Afghanistan lies in ruins. While the U.S. wasted more than $2-trillion of U.S. military outlays, Afghanistan is impoverished, with a 2021 GDP below $400 per person! As a parting “gift” to Afghanistan in 2021, the U.S. government seized Afghanistan’s tiny foreign exchange holdings, paralyzing the banking system.
The proxy war in Ukraine began nine years ago when the U.S. government backed the overthrow of Ukraine’s president Viktor Yanukovych. Yanukovych’s sin from the US viewpoint was his attempt to maintain Ukraine’s neutrality despite the U.S. desire to expand NATO to include Ukraine (and Georgia). America’s objective was for NATO countries to encircle Russia in the Black Sea region. To achieve this goal, the U.S. has been massively arming and funding Ukraine since 2014.
The American protagonists then and now are the same. The U.S. government’s point person on Ukraine in 2014 was Assistant Secretary of State Victoria Nuland, who today is Undersecretary of State. Back in 2014, Nuland worked closely with Jake Sullivan, president Joe Biden’s national security adviser, who played the same role for Vice President Biden in 2014.
The U.S. overlooked two harsh political realities in Ukraine. The first is that Ukraine is deeply divided ethnically and politically between Russia-hating nationalists in western Ukraine and ethnic Russians in eastern Ukraine and Crimea.
The second is that NATO enlargement to Ukraine crosses a Russian redline. Russia will fight to the end, and escalate as necessary, to prevent the U.S. from incorporating Ukraine into NATO.
The U.S. repeatedly asserts that NATO is a defensive alliance. Yet NATO bombed Russia’s ally Serbia for 78 days in 1999 in order to break Kosovo away from Serbia, after which the U.S. established a giant military base in Kosovo.
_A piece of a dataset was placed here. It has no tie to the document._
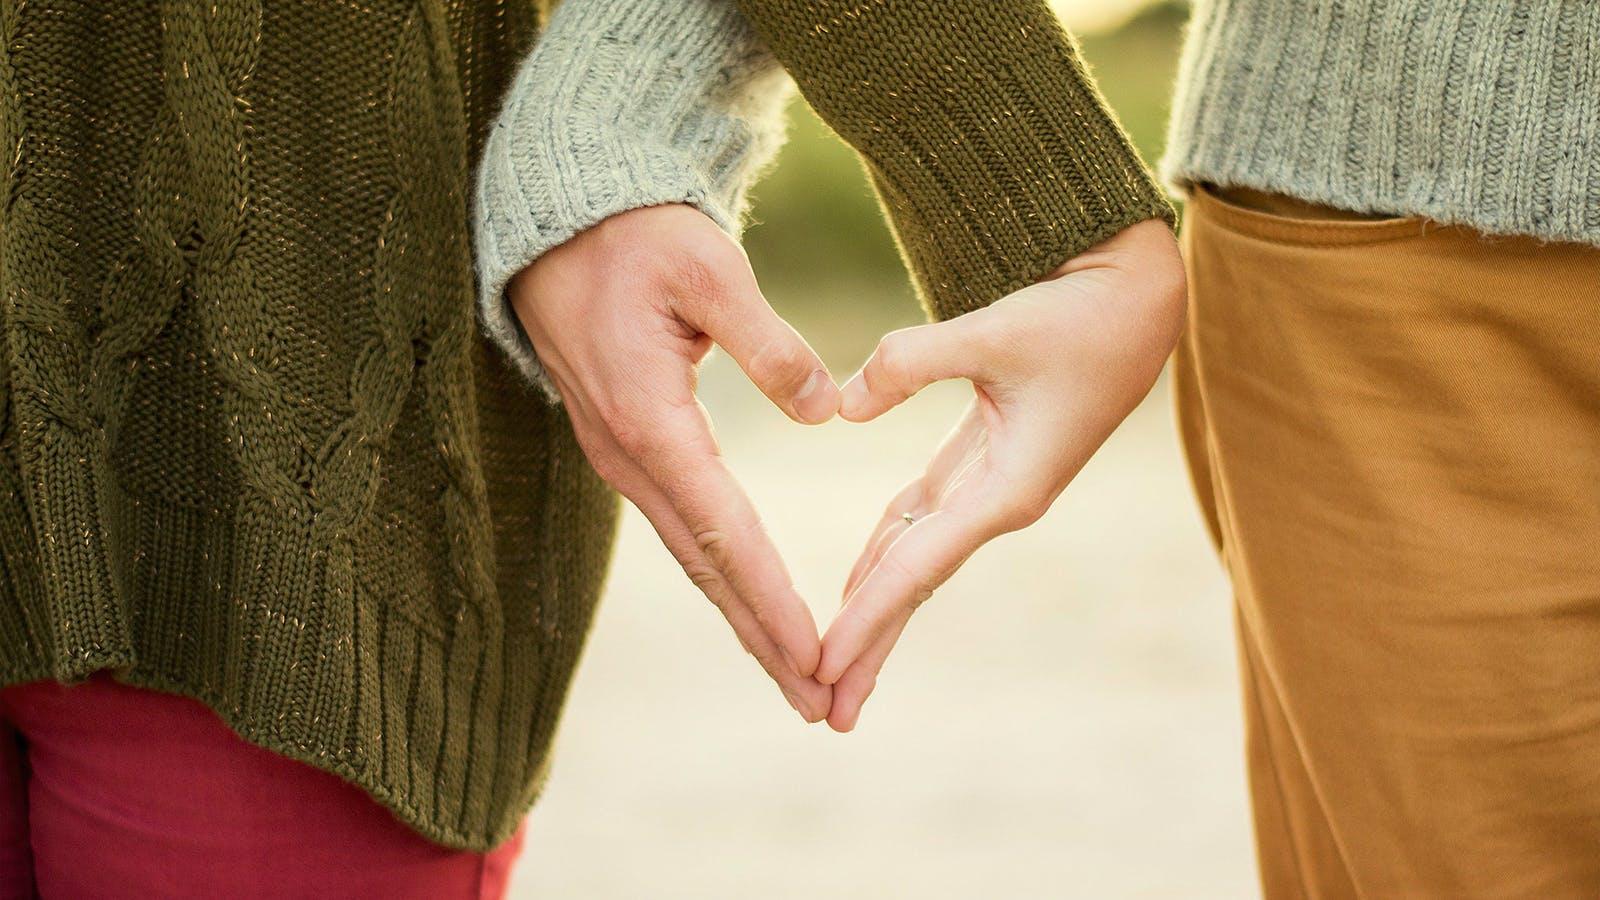 عشق در زندگی مشترک

NATO forces similarly toppled Russian ally Moammar Qaddafi in 2011, setting off a decade of chaos in Libya. Russia certainly will never accept NATO in Ukraine.
At the end of 2021, Russian president Vladimir Putin put forward three demands to the U.S.: Ukraine should remain neutral and out of NATO; Crimea should remain part of Russia; and the Donbas should become autonomous in accord with the Minsk II Agreement.
The Biden-Sullivan-Nuland team rejected negotiations over NATO enlargement, eight years after the same group backed Yanukovych’s overthrow. With Putin’s negotiating demands flatly rejected by the U.S., Russia invaded Ukraine in February 2022.
In March 2022, Ukraine’s president Volodymyr Zelensky seemed to understand Ukraine’s dire predicament as victim of a U.S.-Russia proxy war. He declared publicly that Ukraine would become a neutral country, and asked for security guarantees. He also publicly recognised that Crimea and Donbas would need some kind of special treatment.
Israel’s prime minister at that time, Naftali Bennett, became involved as a mediator, along with Turkey. Russia and Ukraine came close to reaching an agreement. Yet, as Bennett has recently explained, the U.S. “blocked” the peace process.
Since then, the war has escalated. According to U.S. investigative reporter Seymour Hersh, U.S. agents blew up the Nord Stream pipelines in September, a claim denied by the White House. More recently, the U.S. and its allies have committed to sending tanks, longer-range missiles, and possibly fighter jets to Ukraine.
The basis for peace is clear. Ukraine would be a neutral non-NATO country. Crimea would remain home to Russia’s Black Sea naval fleet, as it has been since 1783. A practical solution would be found for the Donbas, such as a territorial division, autonomy, or an armistice line.
Most importantly, the fighting would stop, Russian troops would leave Ukraine, and Ukraine’s sovereignty would be guaranteed by the U.N. Security Council and other nations. Such an agreement could have been reached in December 2021 or in March 2022.
Above all, the government and people of Ukraine would tell Russia and the U.S. that Ukraine refuses any longer to be the battleground of a proxy war. In the face of deep internal divisions, Ukrainians on both sides of the ethnic divide would strive for peace, rather than believing that an outside power will spare them the need to compromise.